| INPUT FOR THIS TASK |

········

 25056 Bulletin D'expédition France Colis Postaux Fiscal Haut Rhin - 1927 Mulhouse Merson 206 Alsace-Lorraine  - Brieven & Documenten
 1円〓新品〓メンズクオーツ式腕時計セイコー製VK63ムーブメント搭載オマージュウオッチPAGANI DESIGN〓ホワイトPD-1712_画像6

········

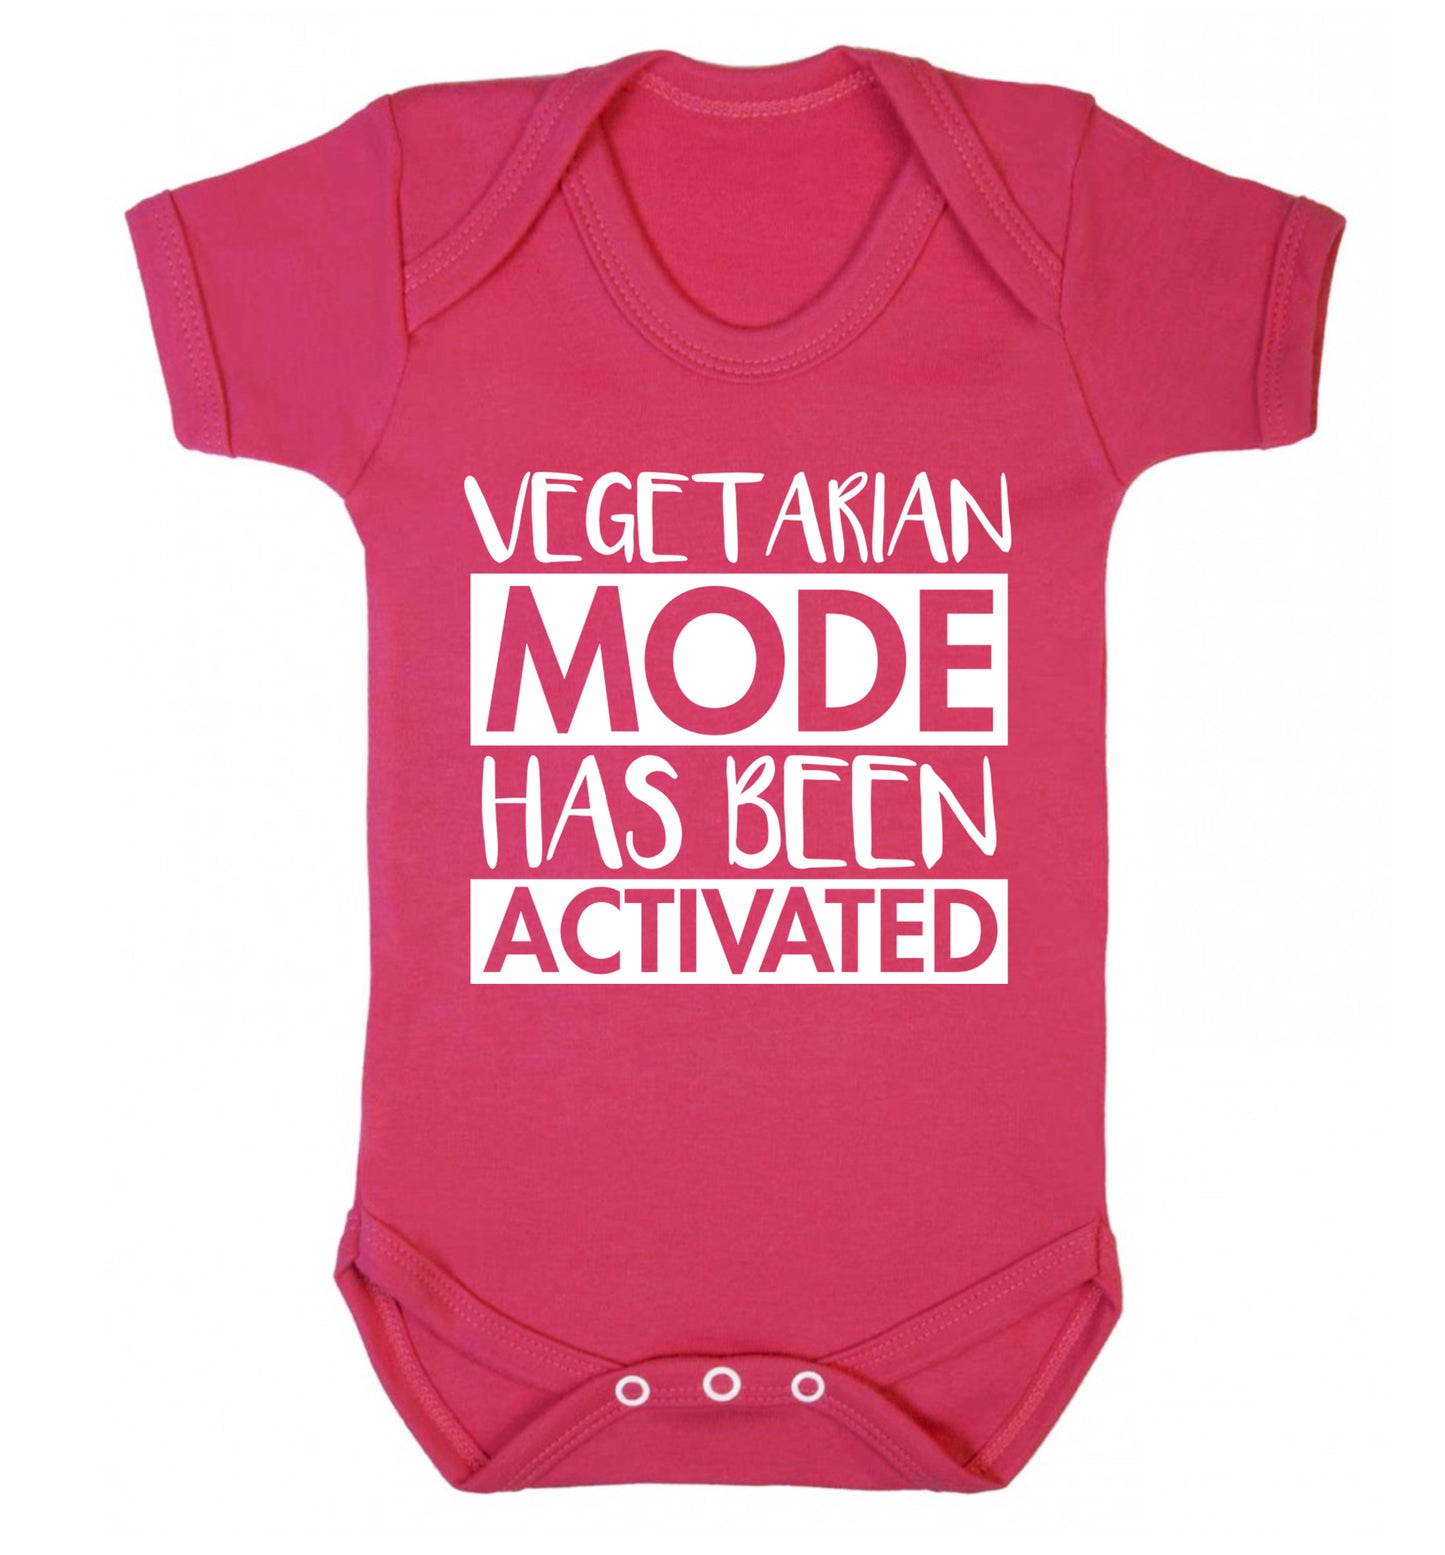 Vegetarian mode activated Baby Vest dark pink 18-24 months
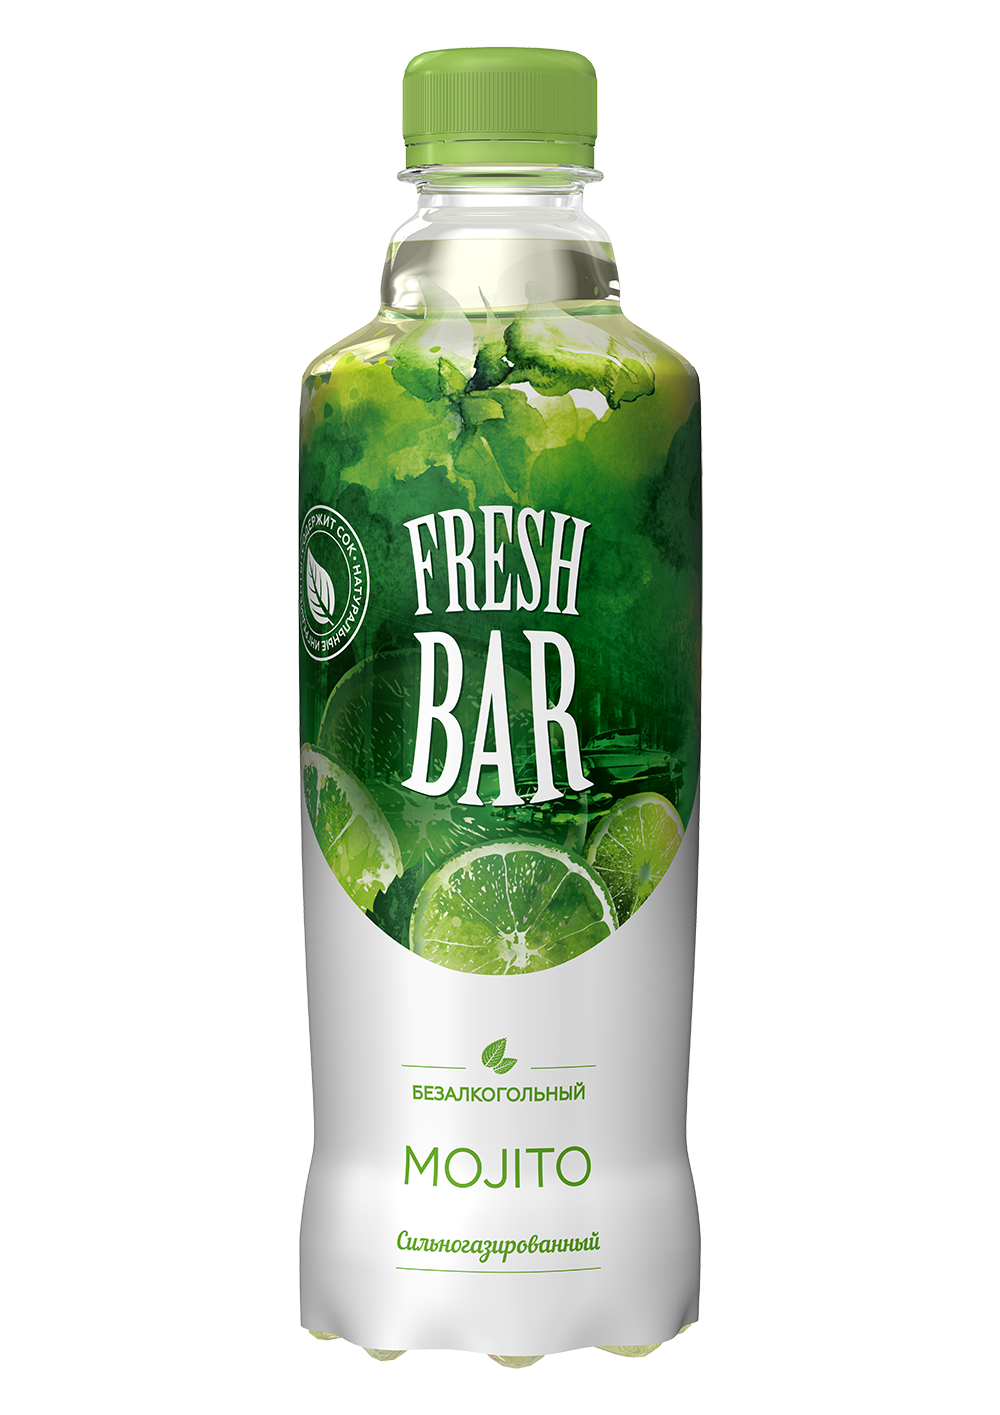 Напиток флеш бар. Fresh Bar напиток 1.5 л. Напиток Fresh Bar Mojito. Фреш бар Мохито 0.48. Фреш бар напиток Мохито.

········

| EXERCISE INSTRUCTIONS |
From the records above, give again exactly the lines running from the line with "25056 Bulletin D'expédition" to the line with "1円〓新品〓メンズクオーツ式", inclusive.

| YOUR RESPONSE |
 25056 Bulletin D'expédition France Colis Postaux Fiscal Haut Rhin - 1927 Mulhouse Merson 206 Alsace-Lorraine  - Brieven & Documenten
 1円〓新品〓メンズクオーツ式腕時計セイコー製VK63ムーブメント搭載オマージュウオッチPAGANI DESIGN〓ホワイトPD-1712_画像6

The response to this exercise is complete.